The reading rooms
The Barber Institute and its interiors have grade 1 listed status. The tables and chairs were designed by Gordon Russell, a very well-respected company that was based in Worcestershire and founded by Gordon Russell (1892-1980) in 1923 after he returned from active service in France. Russell was one of the most successful British furniture designers of the twentieth century and the company bearing his name became synonymous with great quality.
Gordon Russell also designed the furniture for the original Music Library (now the Photograph Room) and the lecture theatre. For more information on Gordon Russell see the Gordon Russell Design Museum.
The clocks on the walls in both the Main and Small reading rooms were manufactured by Dent and Co., the makers of Big Ben.

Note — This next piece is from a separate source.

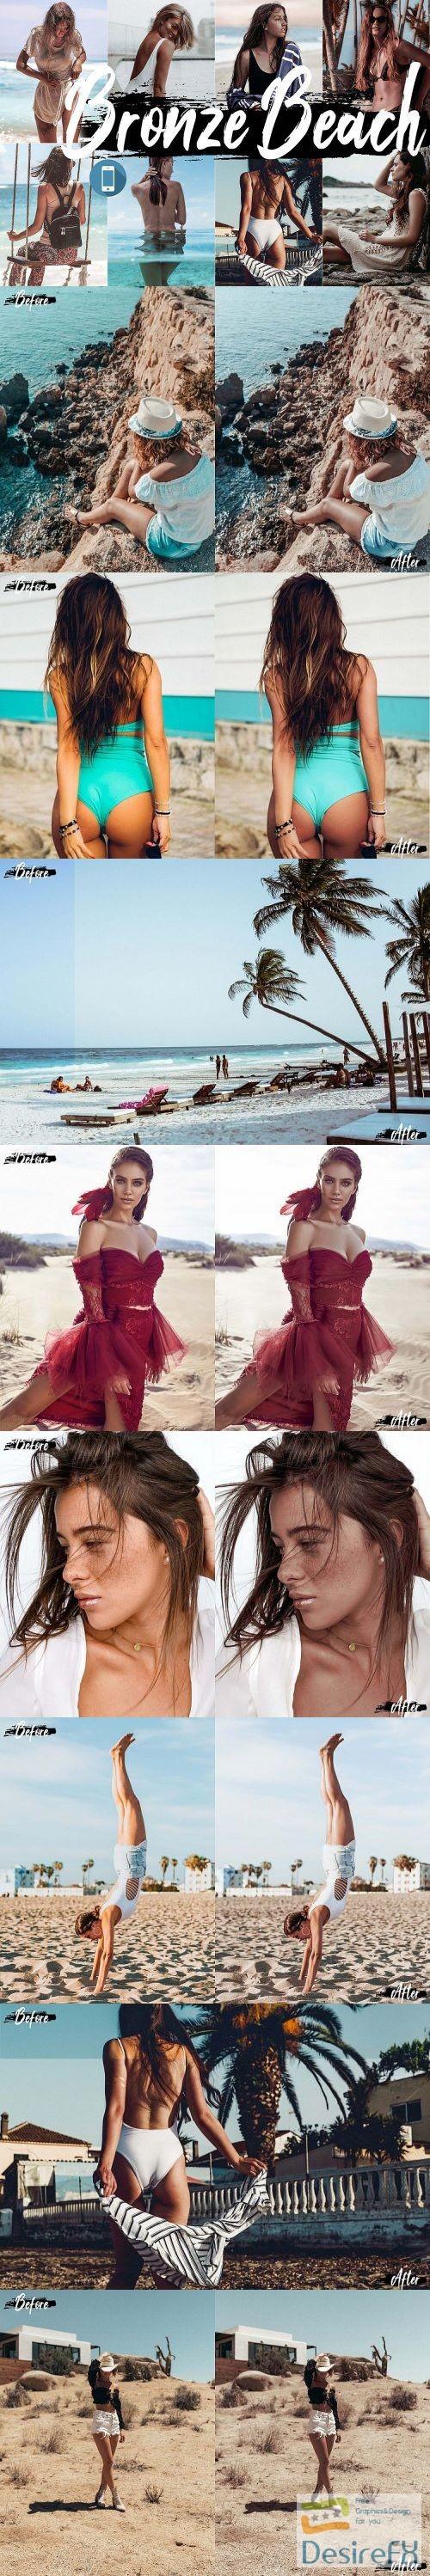 photoshop - Neo bronze Beach Theme mobile lightroom presets summer tone - 272495

Bust of Thomas Bodkin by Charles Wheeler
The sculpture above the metal door in the Main Reading Room is a bust of Thomas Bodkin, the first director of the Institute. It was made by Charles Wheeler, who was a sculptor and also a friend of Bodkin’s. It had been exhibited at the RA in 1958 and was donated to the Institute after Bodkin’s death in 1961. A letter from Bodkin’s widow, Helen, thanked the artist and explained that the Institute had broken its own rules to accept the work. This refers to the terms of the Trust Deed, which stipulated that only ‘works of art or beauty of exceptional or outstanding merit’ executed before the end of the nineteenth century should be acquired. The terms of the deed were changed in 1967 to enable the acquisition of more recent works of art, providing they were over 30 years old.
RIBA Medal
Embedded in the glass of the interior door to the Main Reading Room is the RIBA (Royal Institute of British Architects) bronze medal awarded to Robert Atkinson for the design of the Institute by the Birmingham and Five Counties Architectural Association in 1946. From its opening, Atkinson received much praise for both the building’s aesthetic and functional merits and leading British architectural historian Sir John Summerson stated that it represented ‘better than almost any other building (except, perhaps the RIBA in Portland Place) the spirit of English architecture in the 1930s’.